Cant thank you enough for the insight, expertise. My mechanics don't have the time, patience to troubleshoot all the wiring, such as the connectors and the switches. One visit, they suggested windowlock switch was culprit, sprayed, worked, then failed. Replaced,,still didn't work. After tightening a loose ground switch at the tailgate itself, they suggested motor might be failing but were only 50/50 certain. I had an extra motor as noted above, and they swapped it out.
One thing I've noted is: this gate, an '86 >> part of the wiring harness inside this gate had to be swapped. SUV is actually '87 with an '88 replacement gate. Before smashing '88 gate up while off road; it worked fine on my '87 chassis. The replacement '86 gate had a the wiring harness issue. there was one connector different on the '86 gate vs. the '88 that was currently on it..it didn't work until the swap back of short harness from the '88 on the '86 gate It then worked for year and half. Not sure what the issue was; I thought all (ALL) components from 1st GENS were interchangeable; I would have guessed 1986-87-88 definitely; maybe some of '85 and '89. I owned an '89 SR5, best one I had for 10 years, probab. 200K until it rusted to crap. re-used most everything from that on this '87 automatic except the drivetrain. Regarding interchangeability, only those that post here know for sure; I don't.

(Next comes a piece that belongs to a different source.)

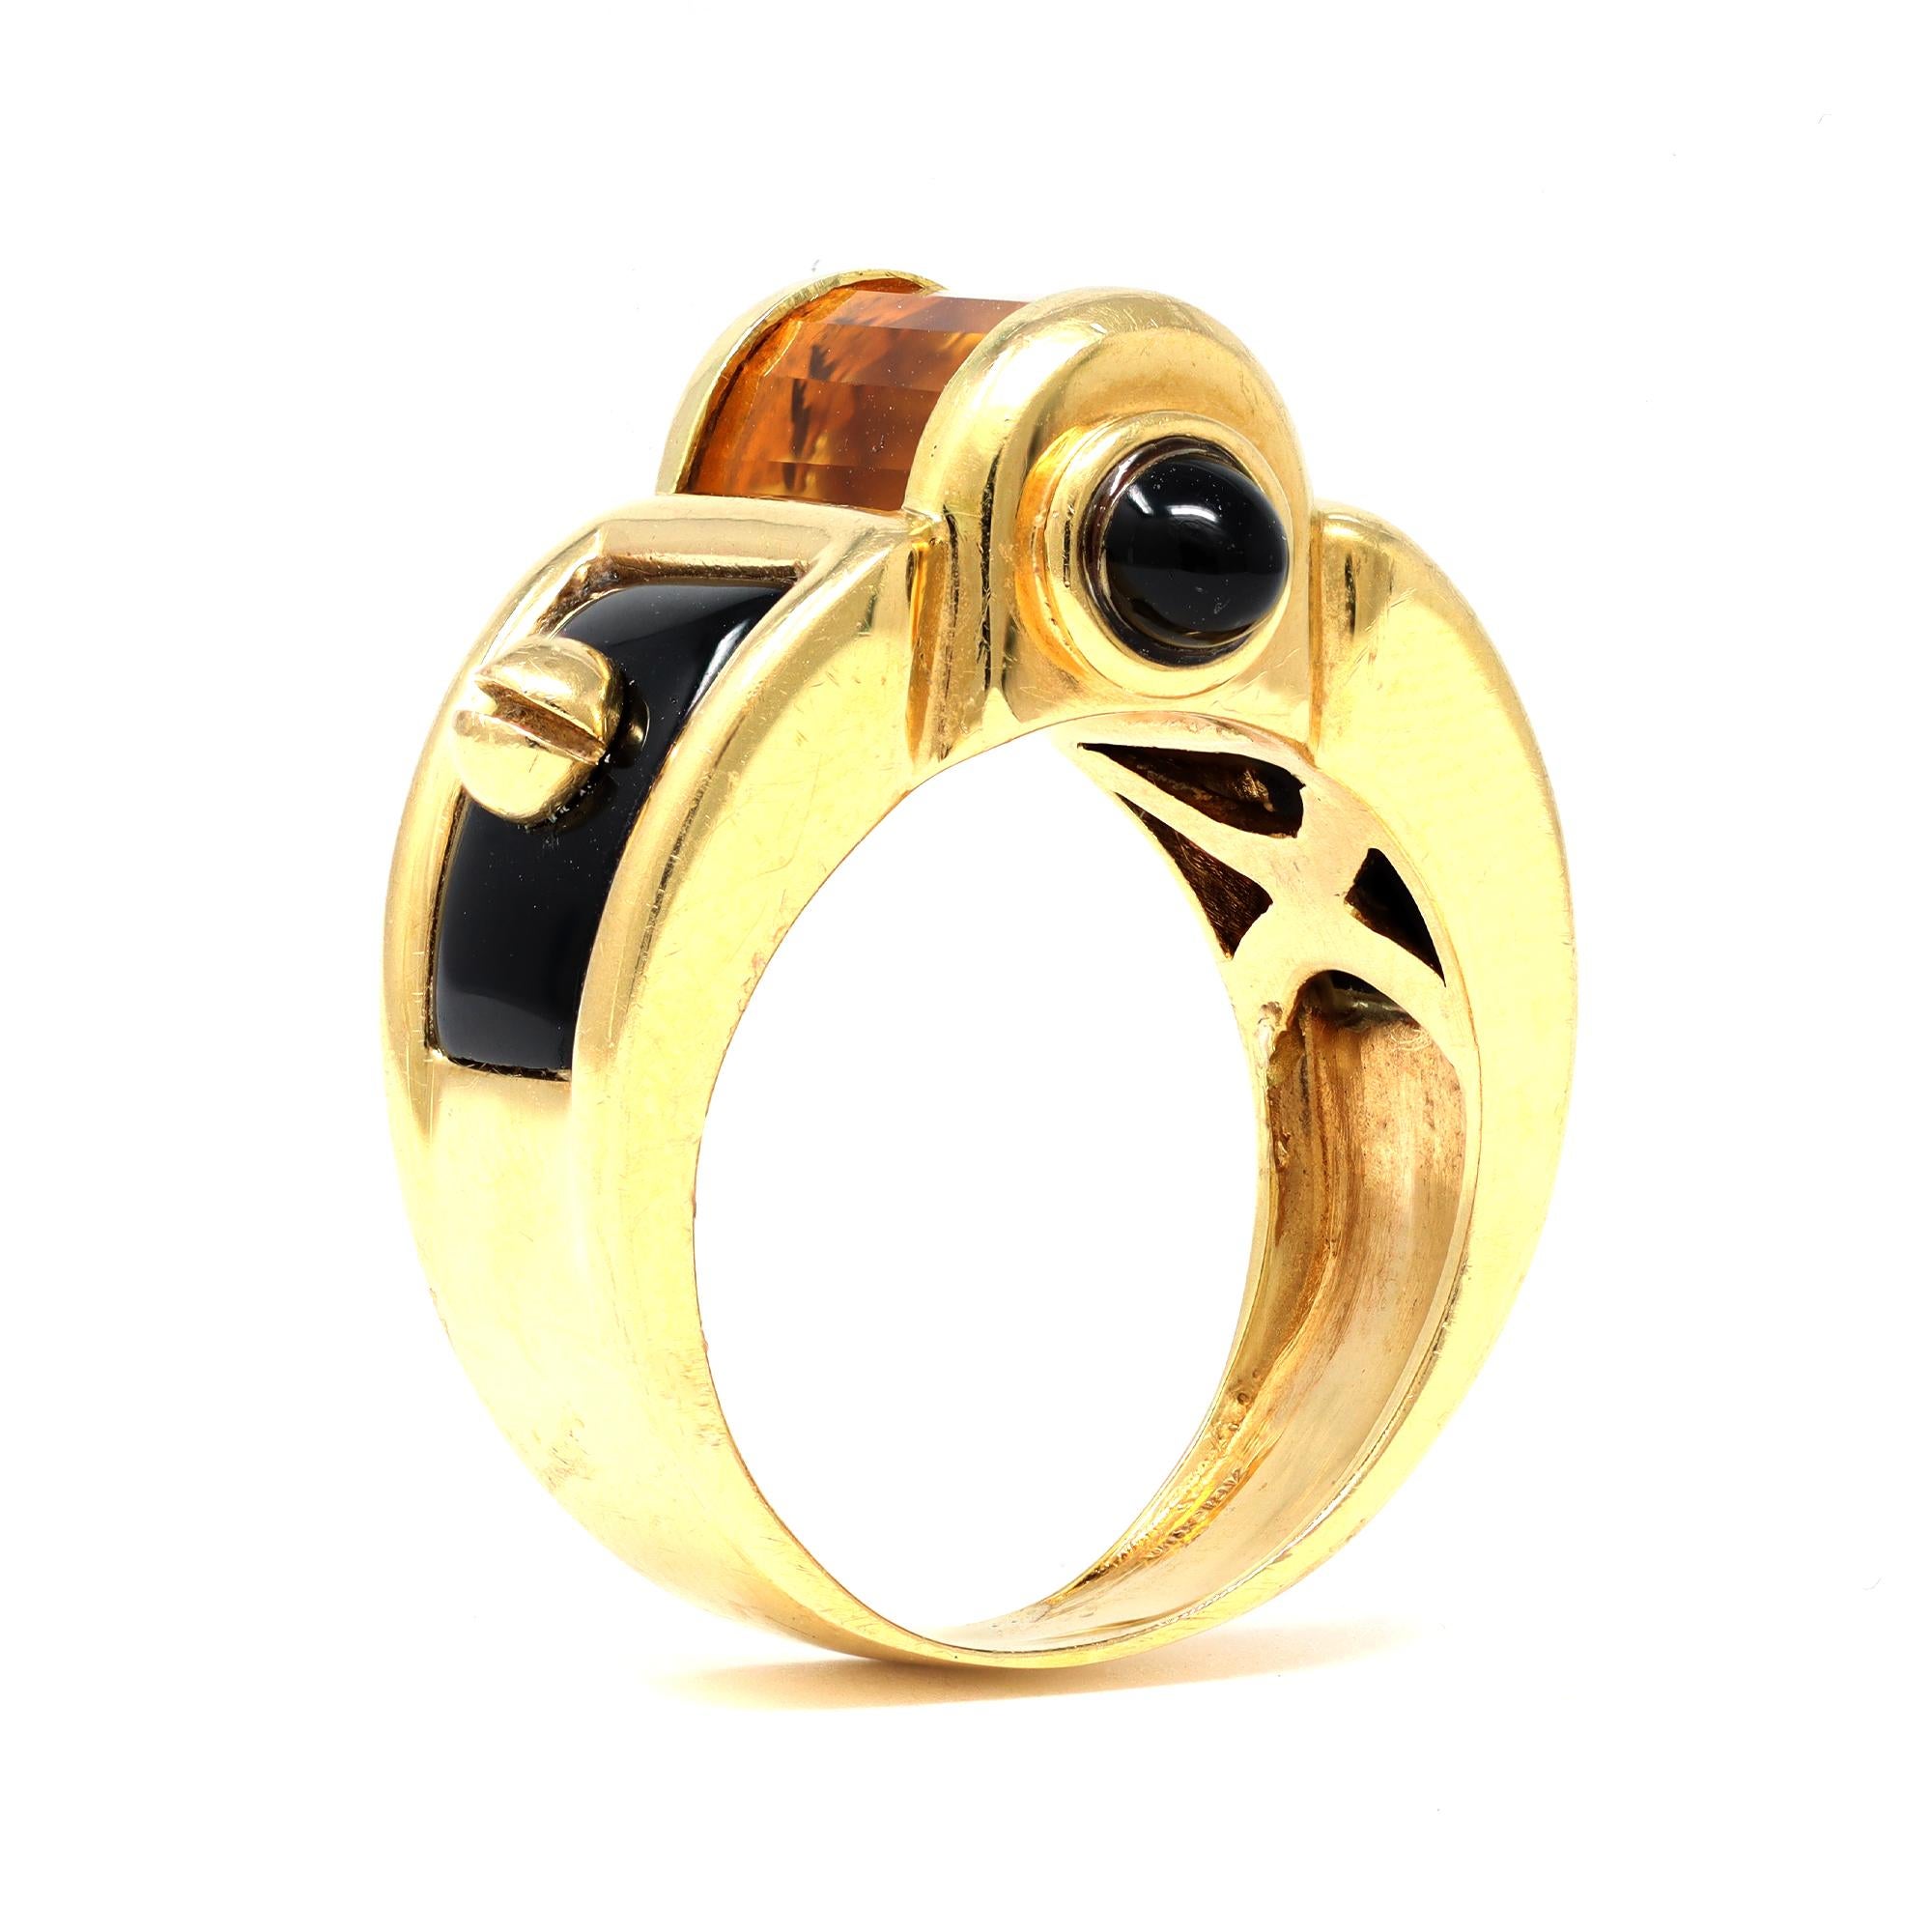 Modern Citrine & Onyx Cocktail Ring Set in 18k Yellow Gold

Mechanics get $80/hr/dealer $99(they dont work on much anything older than 2000) and have many vehicles in the yard waiting to come inside for service. Imagine they did a bit of troubleshooting but not thorough as you've suggested. I'm almost 70 and the days of "turning wrenches" for me is limited. Will look for someone near here that is versed in older vehicles, particularly 1st gens and perhaps older taco's with similar drive-train components.
Again thanks for the followup. I will post later with results. Would be nice to get to spring and above 45f, to be able to work on it in the backyard myself.